このため公債発行残高で見ると、一般会計で前々年度末の約113億円から約173億円に増え、普通会計では約151億円から約184億円へと増加します。こうした区債発行残高の増加分は今後の返済だけでなく支払利子も生み出します。令和2年度の普通会計ではそれまでに発行された区債の支払利子が約9千万円生じることも認識することが必要です。

 

次に、財政調整基金についてです、繰入金額の前年との比較では86億円から31億円に減ってはいます。しかし、財政調整基金の残高を見ると、前々年度に301億円あった財政調整基金の残高は令和元年度に279億円、当該年度すなわち令和2年度には予算原案で275億円というように大きく減る見込みです。

 昨年の第1回定例会での平成31年度予算案に対し、私は賛成討論で、区債の増や基金の減などを問題点として指摘をしましたが、その状態が令和2年度の予算案を見ても続いています。

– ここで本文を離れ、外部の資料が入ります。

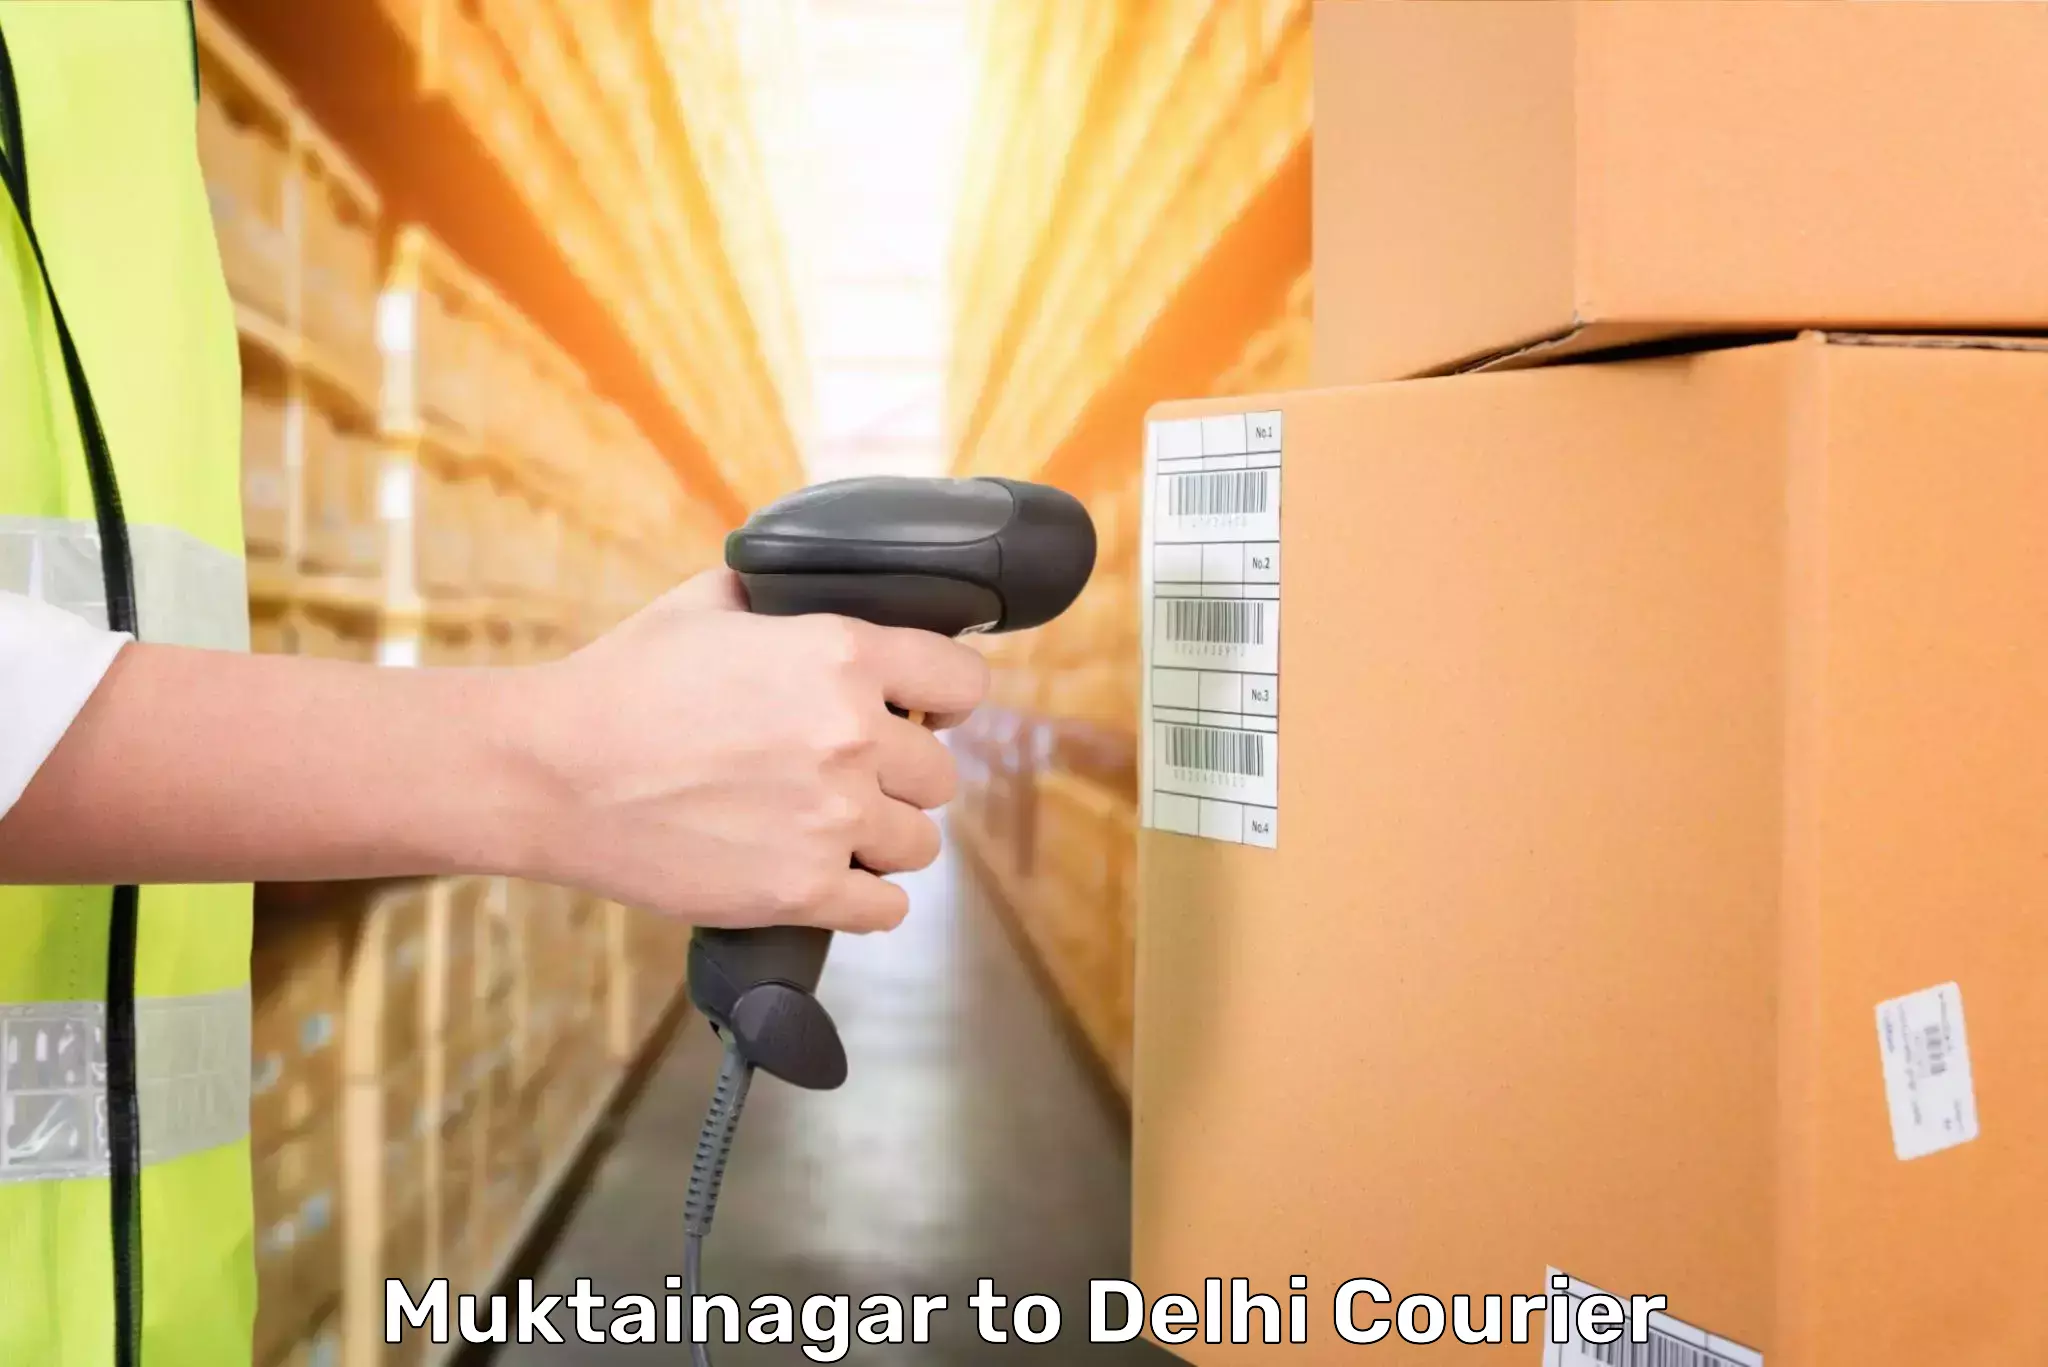 Personal effects shipping in Muktainagar to Kalkaji

子育て先進区はまず、子どもたちに背負わせる借金である区債の発行残高を減らし、貯金である基金を無計画に使い込むことを避ける。その上で、セーフティーネットを手厚くきめ細やかにしながら、経済的な区全体の安定と成長や、区民の所得や生活水準の底上げ、計画的な公共施設の更新を進めることが必要であり、状況によっては子どもたちの未来に負の影響を残さないよう、区民生活に一定の範囲で影響を与える眼前の事業の見直しを検討することも避けて通るべきではありません。

 なお、ここ数週間にわたり、令和2年度予算の人的契約と物的契約が紐づいているとのうわさを耳にします。公正な方法でなされるべき選考・入札について、区民の目から見て疑われるような事態は避けるべきです。結果の報告のみならず、その過程がつまびらかになること、その上で、区民にとって疑念(ぎねん)が残らないことを切に願っていることを申し上げておきます。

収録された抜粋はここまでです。